Brauchte nur wenige Minuten, um zum Publikumsliebling zu werden: Rashad Sweeting

Brauchte nur wenige Minuten, um zum Publikumsliebling zu werden: Rashad Sweeting

(Foto: PDC/Taylor Lanning)

Rashad Sweeting, der erste Spieler von den Bahamas bei der Darts-WM, spielt sich beim Debüt im "Ally Pally" in die Herzen der Fans wie selten ein Newcomer zuvor. "Das war der beste Tag meines Lebens", frohlockt Sweeting nach einem Kuriositäten-Feuerwerk.

Er ist schon jetzt einer der Spieler dieser Darts-WM. Trotz Niederlage in der ersten Runde. Rashad Sweeting. 34 Jahre. Mitarbeiter der bahamaischen Einwanderungsbehörde. Zum ersten Mal überhaupt hatte sich der "Candy Man" (zu Deutsch: "Süßigkeiten-Mann"), wie Sweeting wegen seines Nachnamens genannt wird, für die Weltmeisterschaft in London qualifiziert. Und dann einen Auftritt hingelegt, der in Erinnerung bleiben wird. Zwar verlor Sweeting sein Match gegen den klar favorisierten Schweden Jeffrey de Graaf mit 1:3-Sätzen. Für die großen Momente sorgte am Dienstagabend aber vor allem der "Candy Man".

Die erste Stufe des Kuriositäten-Feuerwerks zündet Sweeting schon vor Spielbeginn. Beim eigentlich schnurgeraden 20-Meter-Weg durch die Fans in Richtung Treppe, die die Spieler auf die Bühne führt, ist Sweeting kurz davor, sich zu verlaufen. Der 34-Jährige ist spürbar nervös, steuert Richtung Backstage-Bereich anstatt auf die Bühne. Ein Security-Mitarbeiter der Profidarts-Organisation PDC weist ihm den Weg. Puh, Glück gehabt.
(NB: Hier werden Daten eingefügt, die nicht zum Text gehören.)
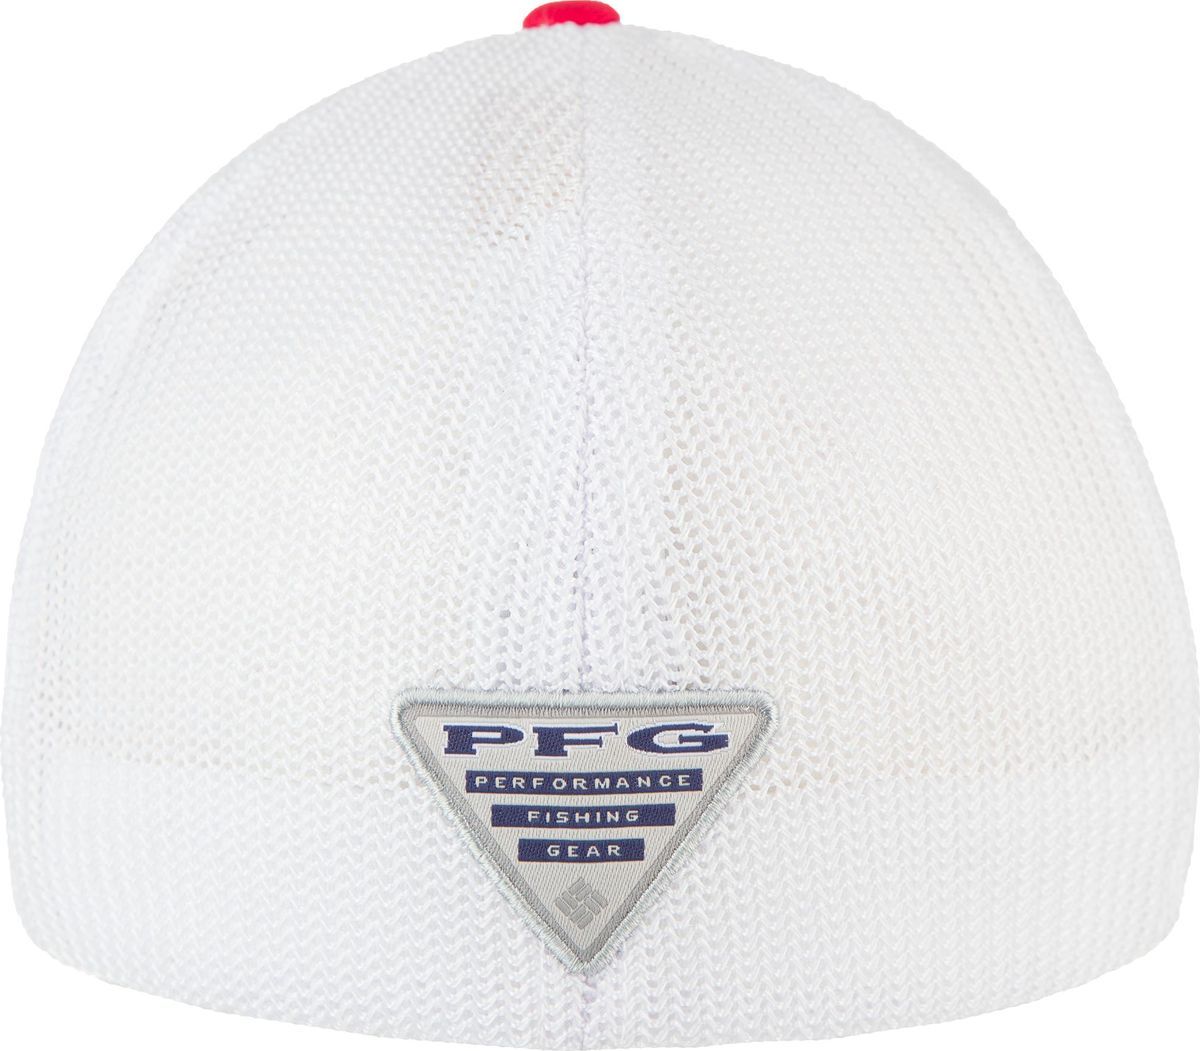  Columbia PFG Mesh Ball Cap, : . 1503971-613.  S/M (56/57)

Dank des beherzten Einschreitens werden die 3200 Fans im proppevollen "Ally Pally" und die Millionen Zuschauer vor den TV-Bildschirmen Zeugen des Sweeting-Wahnsinns. Der erste Qualifikant von den Bahamas braucht zwar ein paar Aufnahmen, um sich in seinem ersten Spiel vor Kameras und vor mehr als einer Handvoll Zuschauern zu akklimatisieren. Doch dann wird die nächste Zündstufe eingelegt. Sweeting gewinnt sensationell den ersten Satz. Sein Gegner Jeffrey de Graaf wirkt verdutzt. Für den Schweden hat der "Candy Man" zunächst nur Saures statt Süßes parat.

Von den Fans zur 180 verleitet

Und auch nach der ersten Satz-Pause behält Sweeting zunächst die Oberhand. Die ersten zwei Legs im zweiten Satz gehen an den Lateinamerika-Qualifikanten. Er kann es sich zunächst sogar erlauben, drei Satz-Darts zu verpassen. De Graaf kommt zurück, bringt den Durchgang ins Entscheidungsleg, bevor ein neuer Publikumsheld geboren wird.
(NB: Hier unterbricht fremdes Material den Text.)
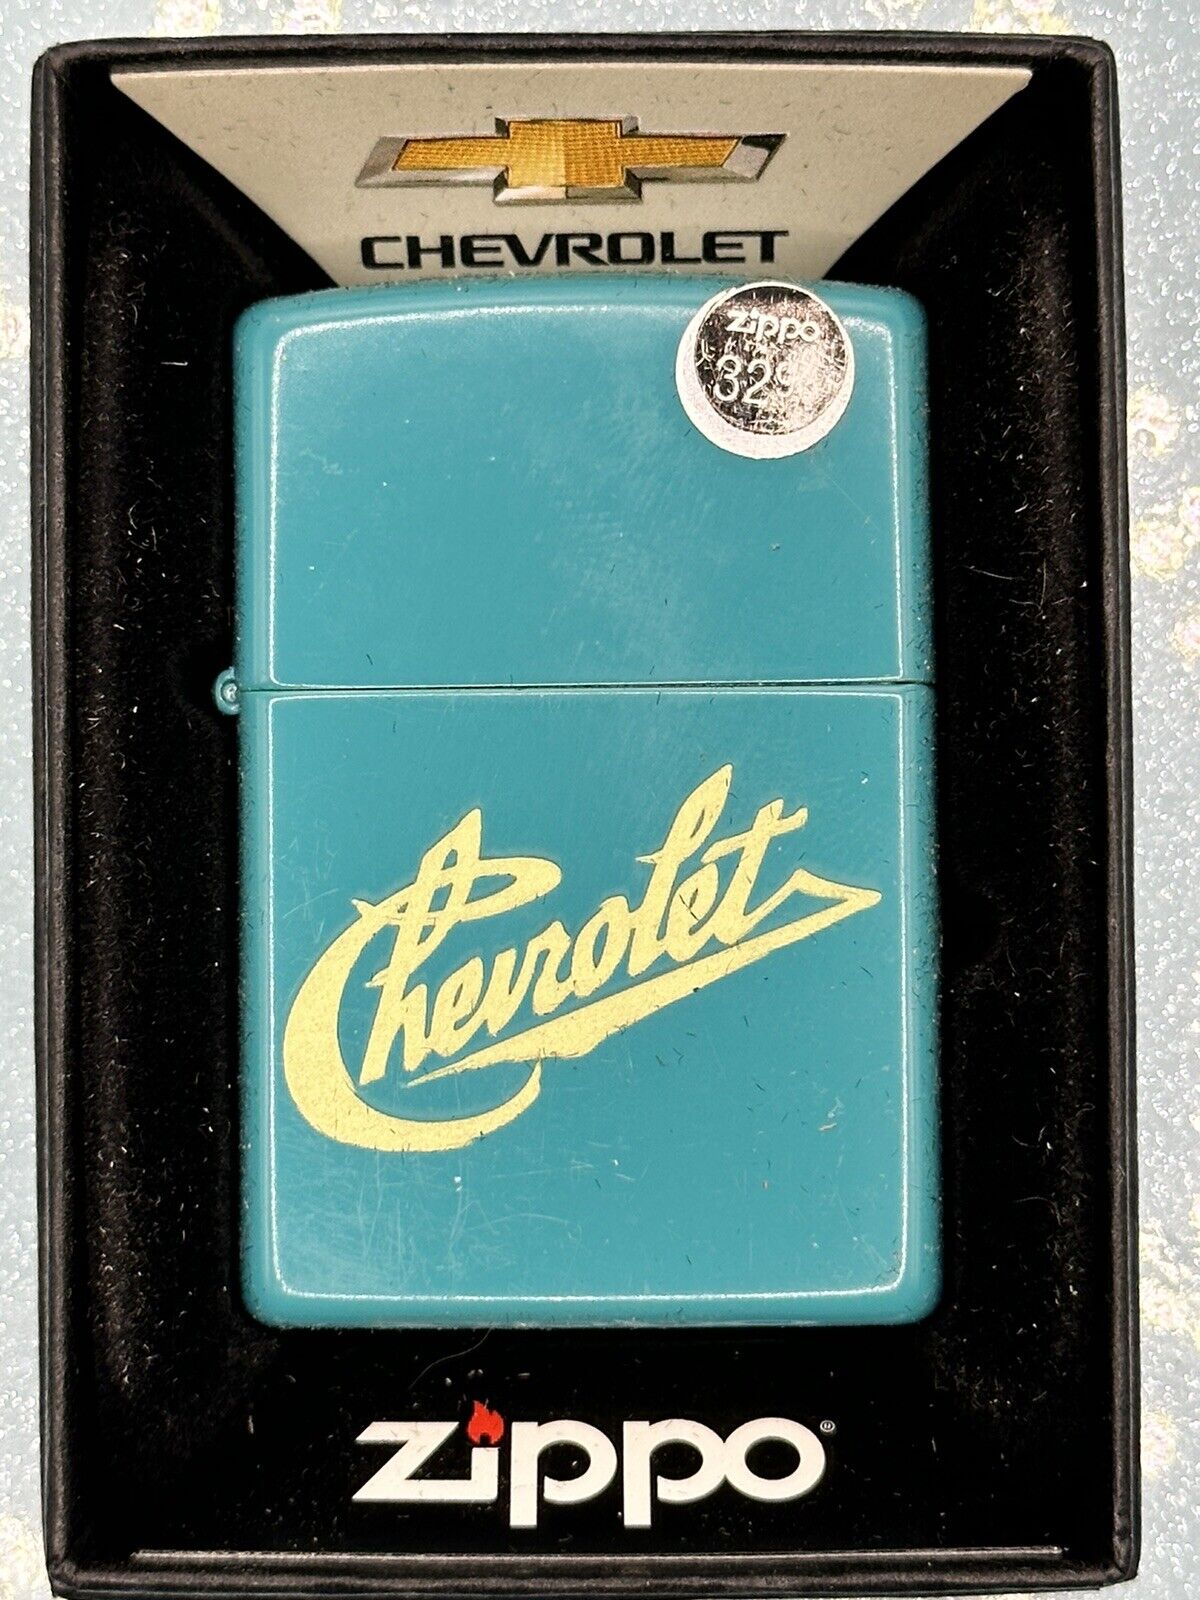 2022 Chevrolet Turquoise Blue Zippo Lighter NEW

Sweeting steht bei 194 Punkten Rest. Der erste Dart landet in der Triple 20, der zweite auch. 74 Punkte Rest und noch ein Dart in der Hand. Sweeting kann es selbst kaum glauben, wirkt von seiner Präzision selbst am meisten überrascht. Er macht einen Schritt nach hinten, es rattert in seinem Kopf. Kein professioneller Dartspieler würde in dieser Situation eine weitere Triple 20 "riskieren", um bei 14 Punkten Rest und damit auf der unbeliebten Doppel 7 zu landen. Doch das ist Sweeting egal. Er lässt sich vom Publikum zu dem taktisch unklugen Manöver hinreißen. Für diesen einen Moment. Für eine "One Hundred and Eighty" im Alexandra Palace. Für die Fans, die sich in dieser Sekunde nichts sehnlicher wünschen.
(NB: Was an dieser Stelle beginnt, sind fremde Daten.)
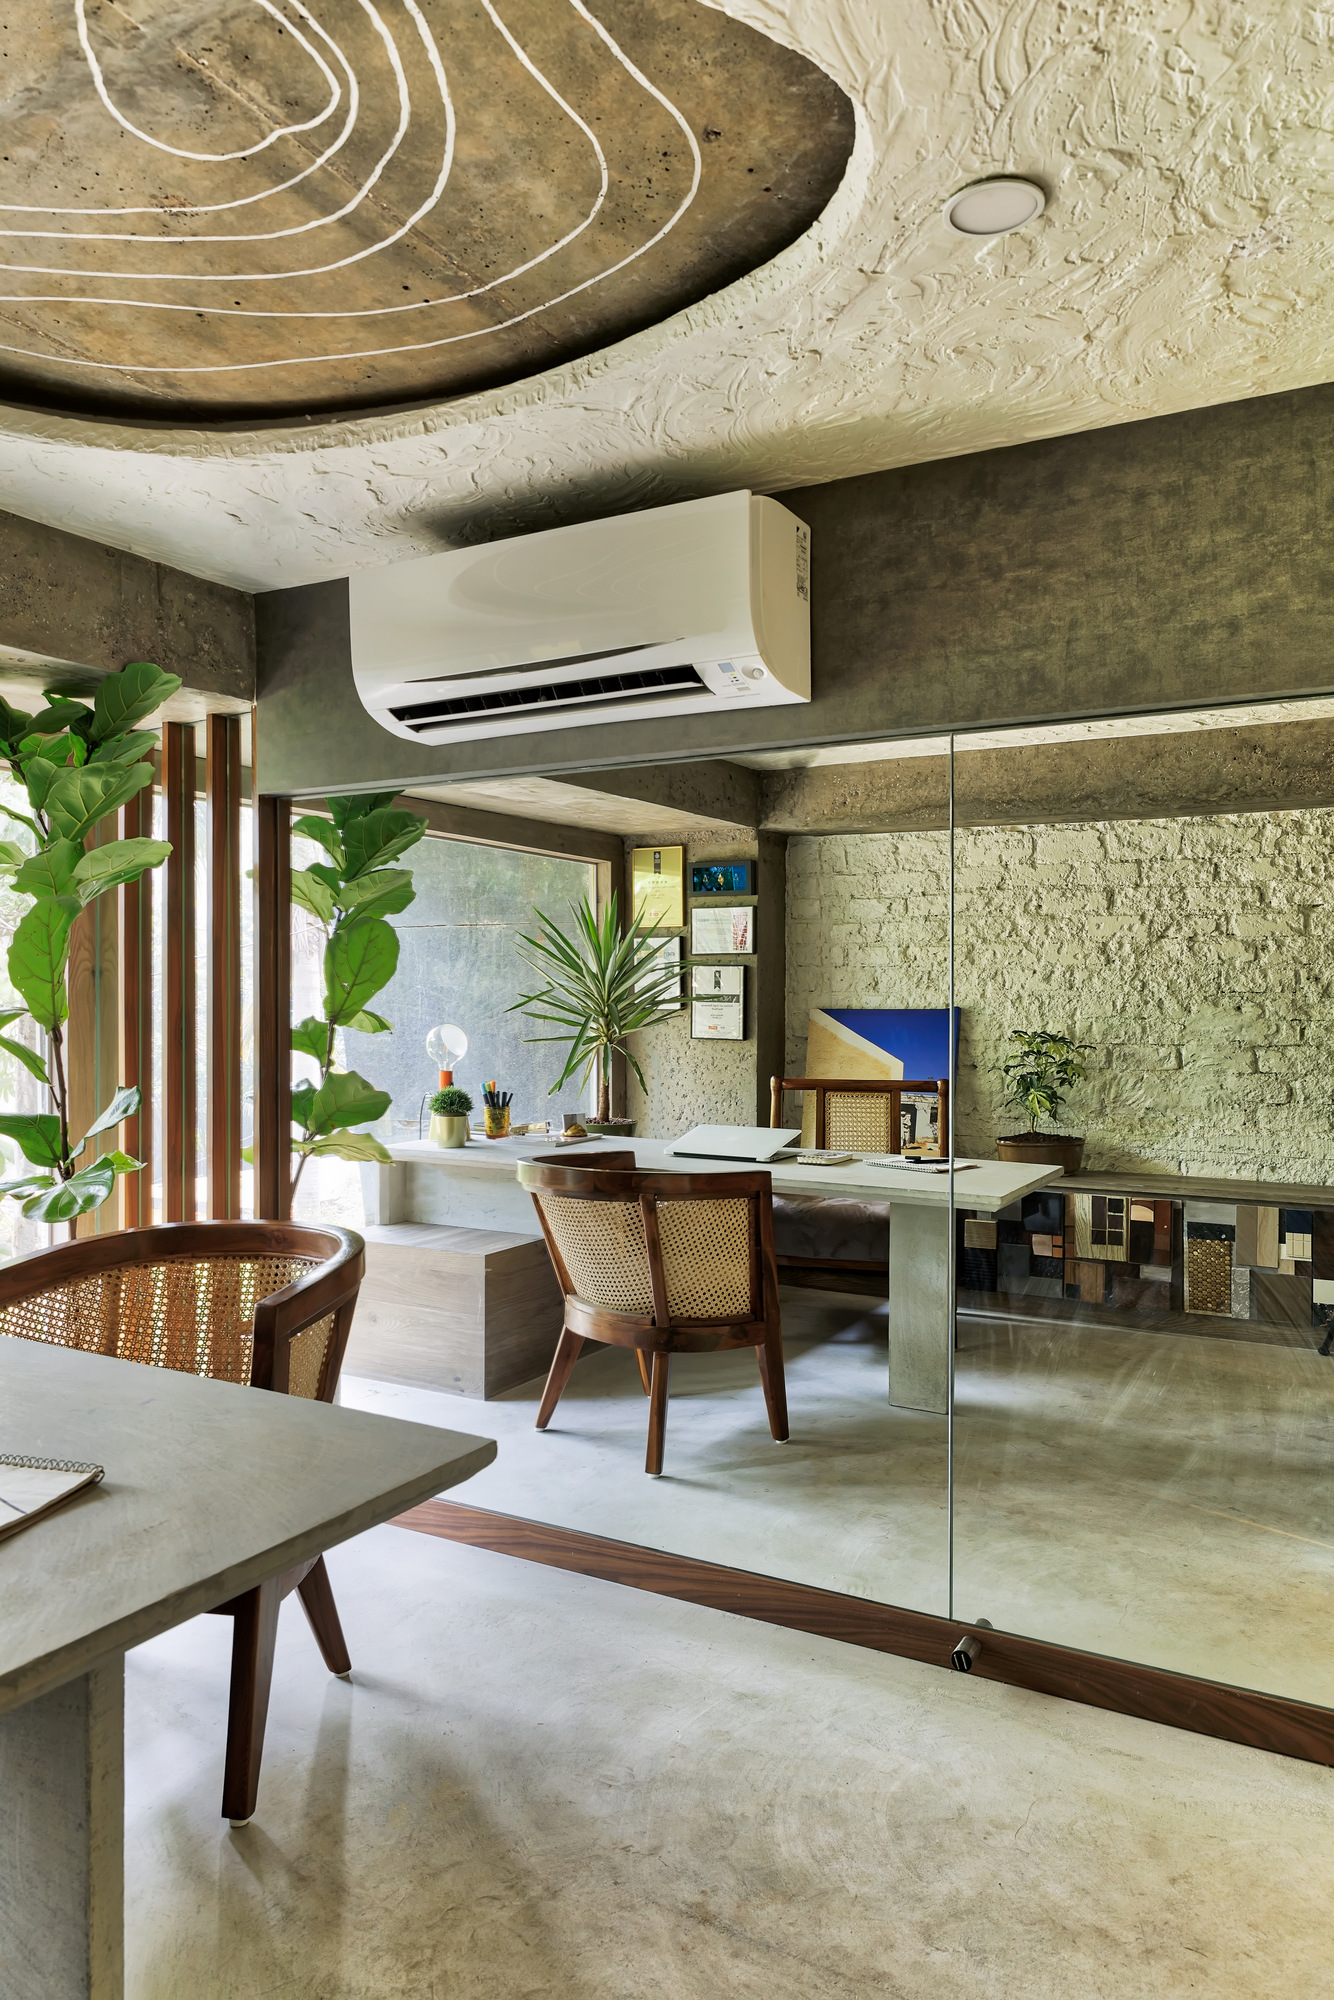 ZERO9办公室——孟买|ART-Arrakis | 建筑室内设计的创新与灵感

Als Sweeting nach diesem persönlichen Erfolgserlebnis zurück ans Board kommt, vermeidet er den Wurf auf die Doppel 7, stellt sich mit einem Wurf in die 6 auf 8 Punkte Rest. Doch die Doppel 4 verfehlt Sweeting mit zwei Versuchen. Der neue Fan-Held hat sich von den Zuschauern zu einer undurchdachten 180 verleiten lassen. Hätte er eine 174 geworfen, hätte er mutmaßlich einen Satz-Dart mehr bekommen. So kommt es stattdessen, wie es kommen muss. Sweeting bezahlt das Manöver mit dem Satzverlust, weil de Graaf ein Highfinish checkt.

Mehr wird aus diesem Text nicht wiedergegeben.